The wider society has never accorded equal concern and respect to
black women’s sexual, reproductive, and caretaking life plans. On the contrary, it has actively burdened those plans, intervening to disable black
sexual, reproductive, and caretaking capacities and denying generations
of black women the opportunity to live sexual, reproductive, and caring
lives in a truly human way. For much of US history, most black women
were subject to active sexual and reproductive subordination and were compelled by economic forces and violence to provide uncompensated and
then abysmally low-waged caring labor for the wider society’s children. In
short, black women were subject simultaneously to economic and caretaking exploitation.

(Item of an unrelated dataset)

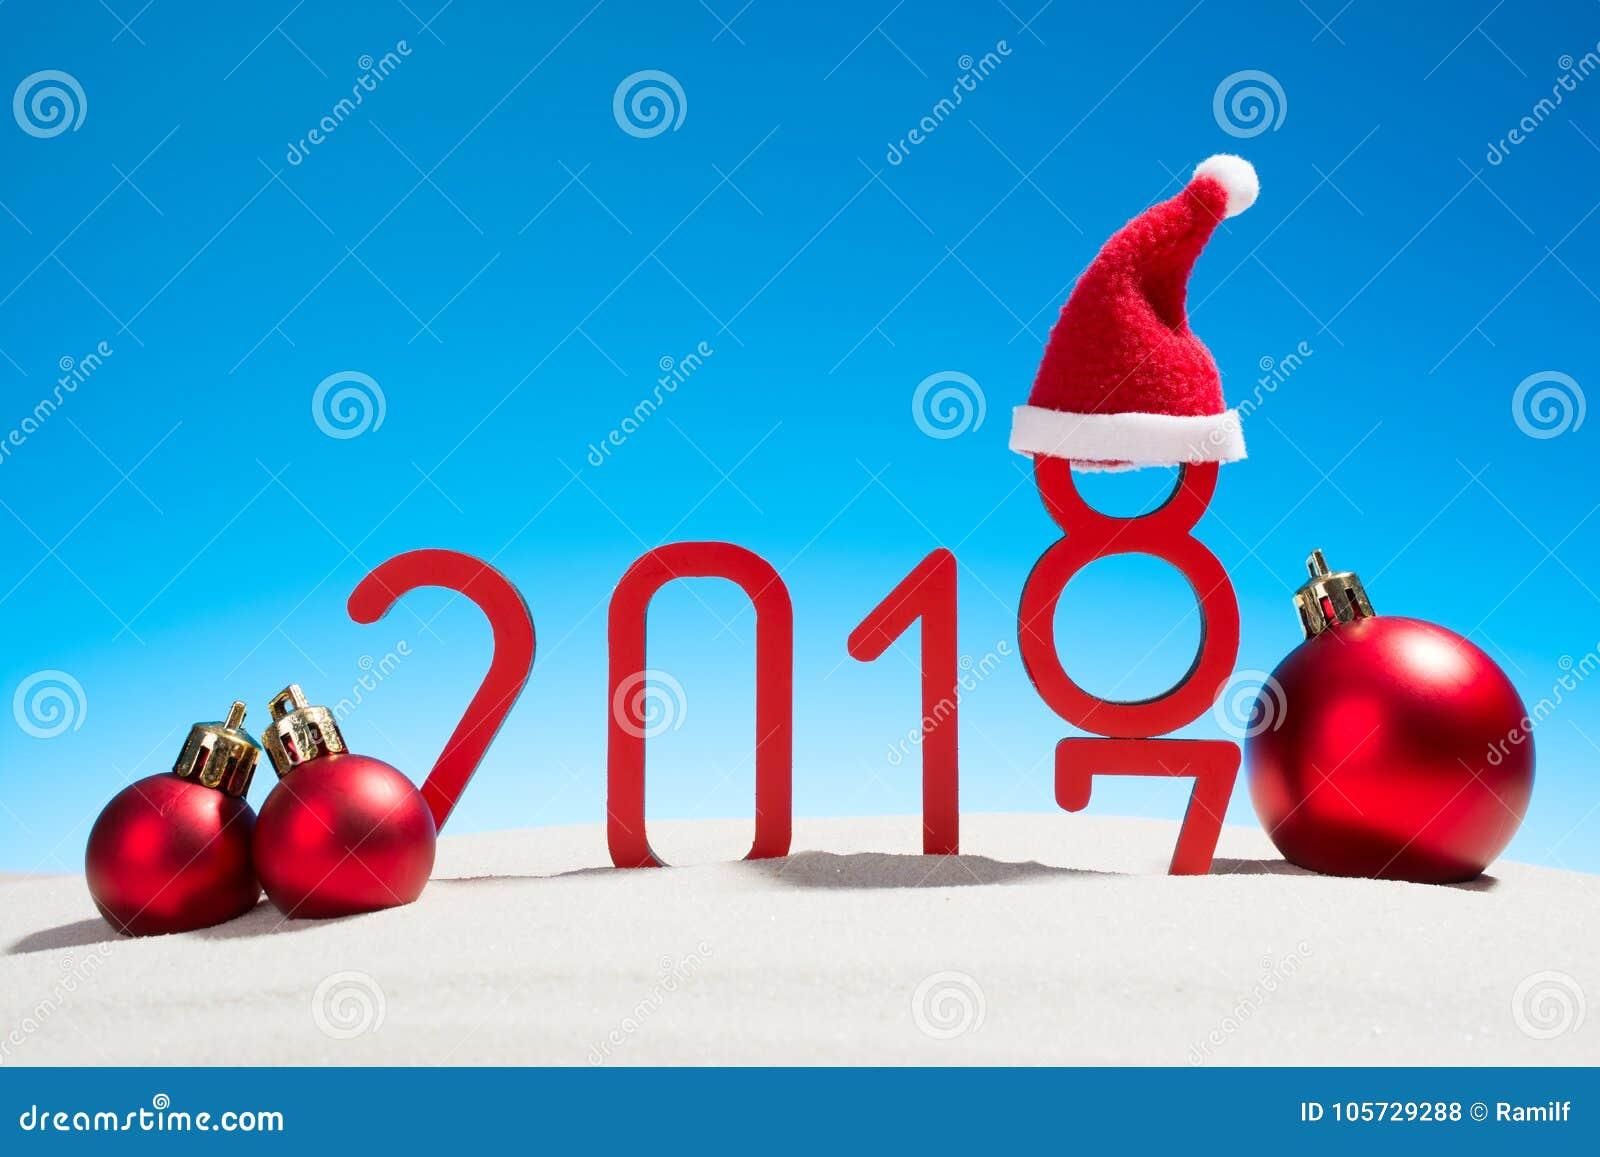 Festliga nya år begrepp med jul klumpa ihop sig på en solig tropisk strand med det ändrande datumet 2017 - 2018 i röd och kopieri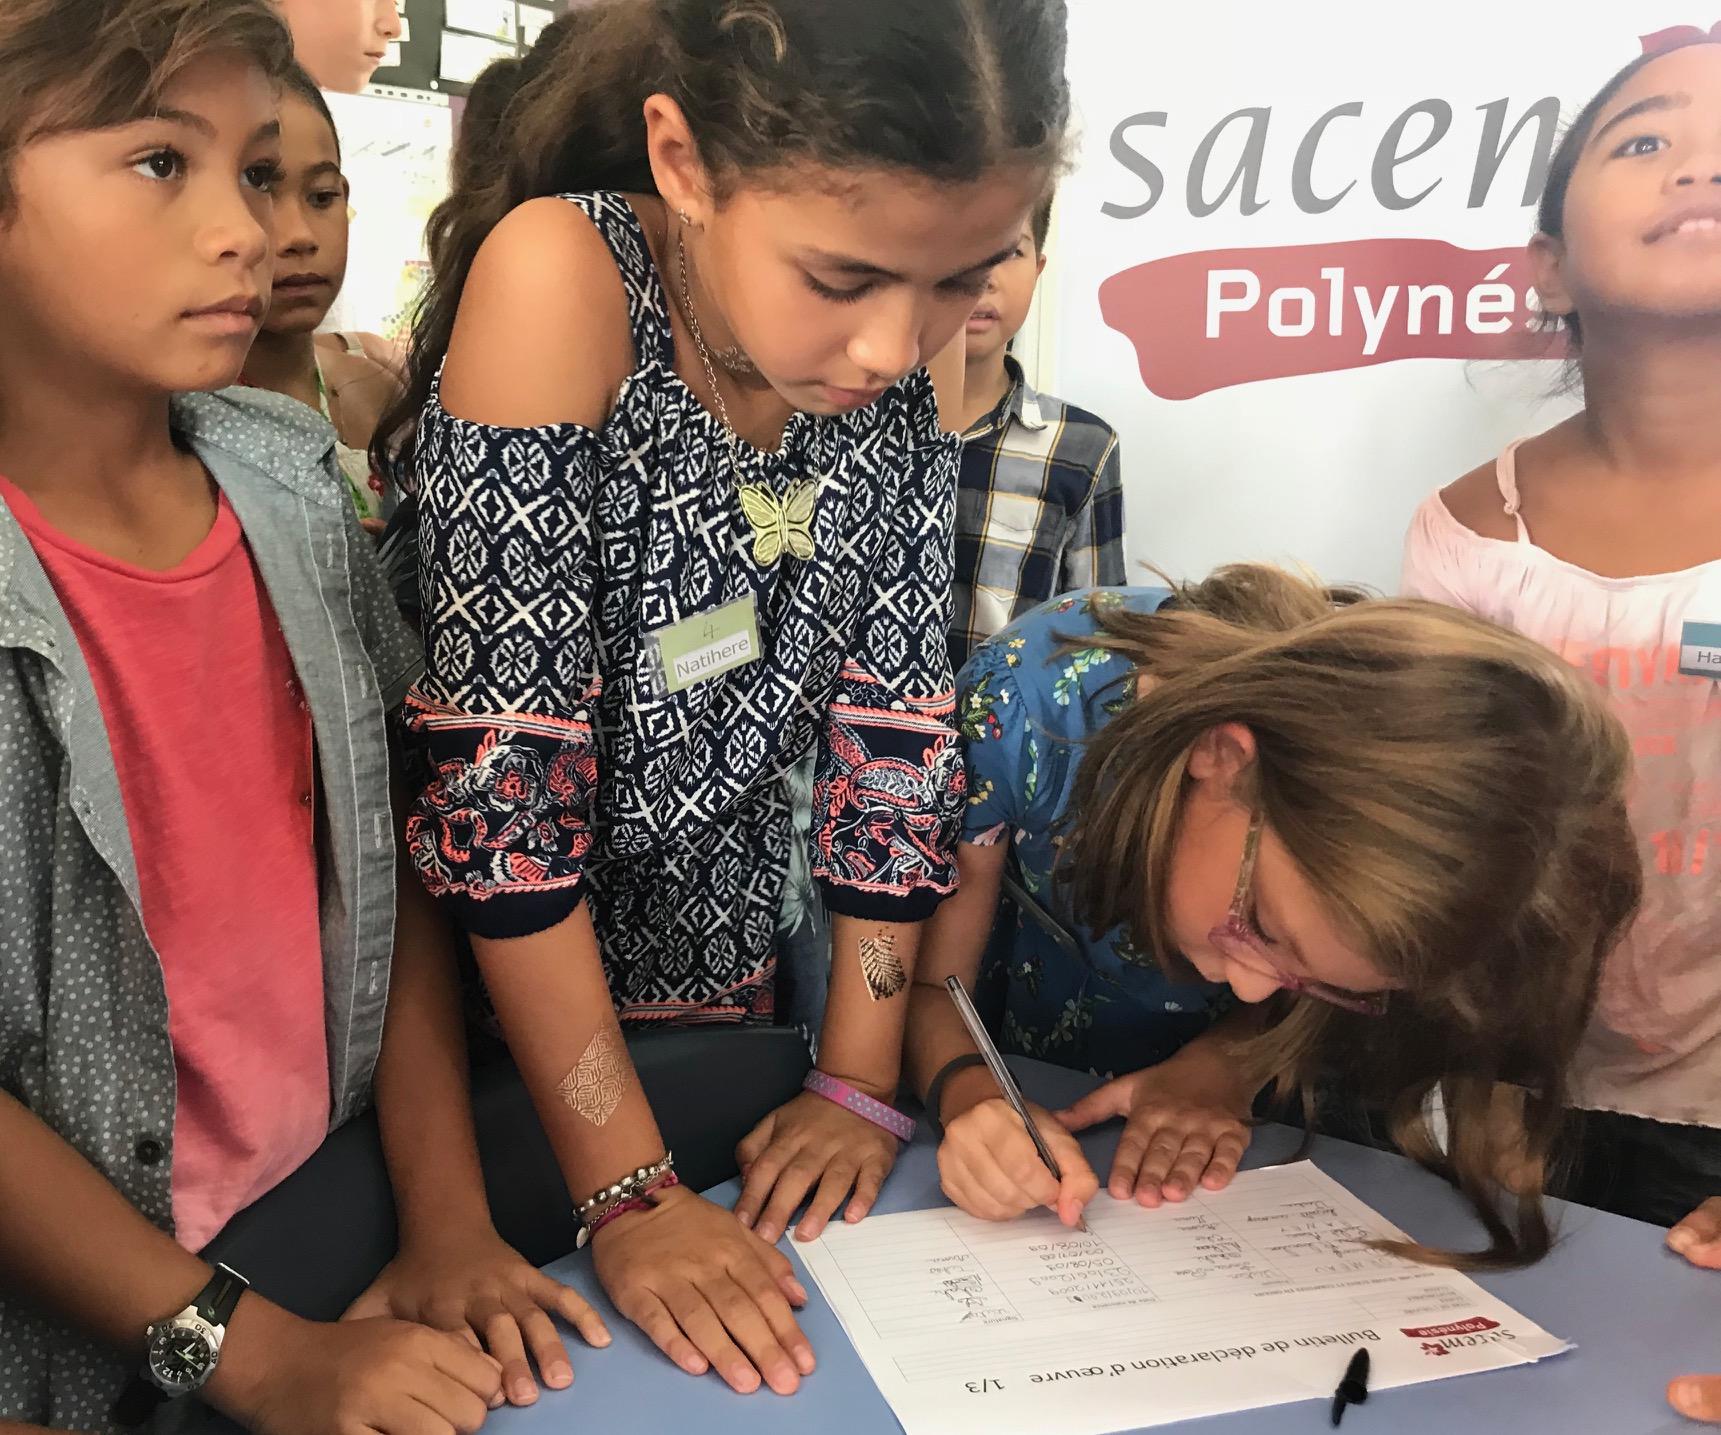 Les élèves enregistrent leurs droits d'auteur devant les membres de la SACEM présents à la conférence de presse.

Black women’s caring capacities, when not actively
debilitated, were systematically directed toward raising the standard of care
provided to white children. To ensure that their attention was directed toward the needs of the white community, black women were subjected to
coerced reproduction in slavery, sterilization abuse, and the targeted provision of long-acting, arguably debilitating birth control such as Norplant
and Depo-Provera. At the same time that they were denied reproductive
freedom, black women had no recourse against sexual violence at the hands
of white men ðRoberts 2002; Silliman and Bhattacharjee 2002; Smith 2007Þ.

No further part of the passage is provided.